We are running into an issue at SCBI that appears to be similar to ~~LU-3771~~. Under certain workloads, the slab memory usage gets to the point where it causes the kernel to hang. Apparently it is not a problem under the SLUB allocator, but Novell is not prepared to support a SLES kernel with the SLUB allocator enabled.

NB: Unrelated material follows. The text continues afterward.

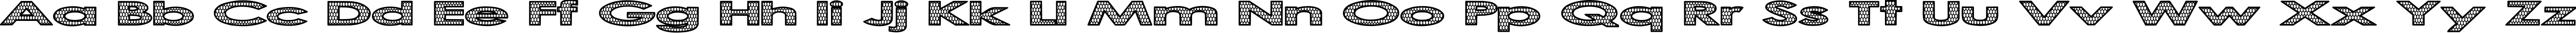 Пример написания английского алфавита шрифтом Scaling the Dragon
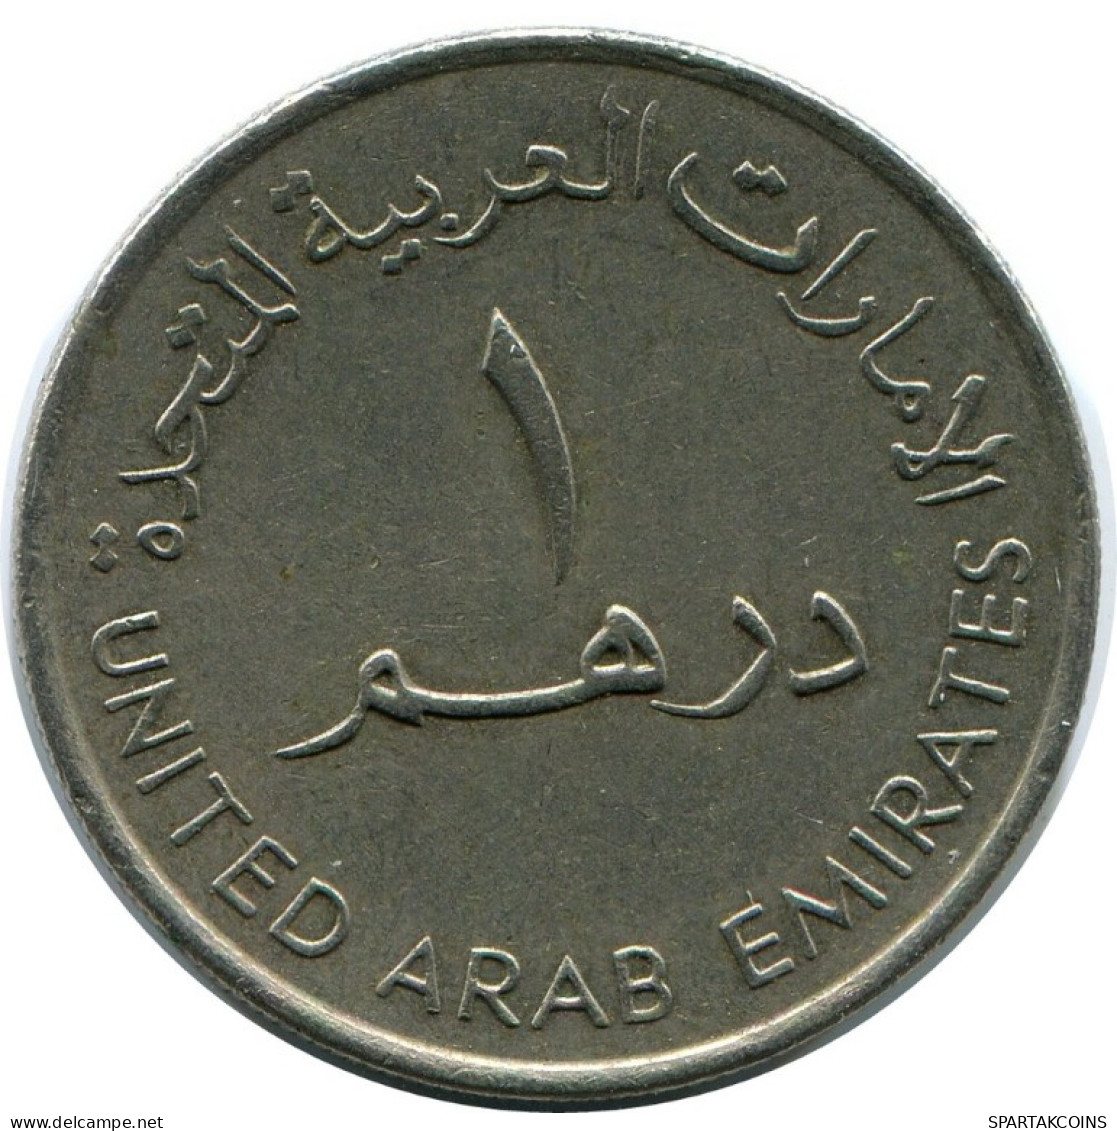 1 DIRHAM 1995 UAE UNITED ARAB EMIRATES Islámico Moneda #AK160.E.A - Ver. Arab. Emirate

Are there any tunables that can help shrink the slab usage?

HP Summary:

The main factor triggering the problem is reading from /proc/slabinfo. SLAB does this while holding l3->list_lock and when a slab is huge, this leads to big delays so that other subsystems are impacted and if NMI Watchdog is enabled, this leads t soft/hards lockups and panics.

Novell analysis:

Have you actually tried to put pcc governor out of way? I can still see many
cpus looping on the same pcc internal lock:
crash> struct spinlock_t ffffffffa047c610
struct spinlock_t {
{
rlock = {
raw_lock = {
slock = 862335805
}
}
}
}
crash> p /x 862335805
$1 = 0x3366333d

crash> p 0x3366-0x333d
$2 = 41

So there are 40 CPUs waiting for the lock. This sounds really insane! Who is
holding the lock?
PID: 79454 TASK: ffff882fd6a224c0 CPU: 0 COMMAND: "kworker/0:1"
#0 [ffff88407f807eb0] crash_nmi_callback at ffffffff8101eaef
#1 [ffff88407f807ec0] notifier_call_chain at ffffffff81445617
#2 [ffff88407f807ef0] notify_die at ffffffff814456ad
#3 [ffff88407f807f20] default_do_nmi at ffffffff814429d7
#4 [ffff88407f807f40] do_nmi at ffffffff81442c08
#5 [ffff88407f807f50] nmi at ffffffff81442320
[exception RIP: _raw_spin_lock+24]
RIP: ffffffff81441998 RSP: ffff883f02147d28 RFLAGS: 00000293
RAX: 000000000000333d RBX: ffff8b3e85c4e680 RCX: 0000000000000028
RDX: 0000000000003335 RSI: 0000000000249f00 RDI: ffffffffa047c610
RBP: ffff88407f80eb80 R8: 0000000000000020 R9: 0000000000000000
R10: 0000000000000064 R11: ffffffffa047a4e0 R12: 0000000000249f00
R13: 0000000000004fd4 R14: 00000000000000a0 R15: 0000000000000000
ORIG_RAX: ffffffffffffffff CS: 0010 SS: 0018
— <NMI exception stack> —
#6 [ffff883f02147d28] _raw_spin_lock at ffffffff81441998
#7 [ffff883f02147d28] pcc_cpufreq_target at ffffffffa047a4fe [pcc_cpufreq]
[...]

OK this one requested 0x333d ticket but it still sees very old spinlock state.
And what more interesting is that it just refetched the global state:
0xffffffff81441995 <_raw_spin_lock+21>: movzwl (%rdi),%edx
0xffffffff81441998 <_raw_spin_lock+24>: jmp 0xffffffff8144198f
<_raw_spin_lock+15>

The lock is not IRQ safe so an interrupt might have triggered after movzwl and before jmp. OK, let's pretend that this is not a problem, althought I wouldn't be happy about CPU governor which doesn't scale on such a machine that badly.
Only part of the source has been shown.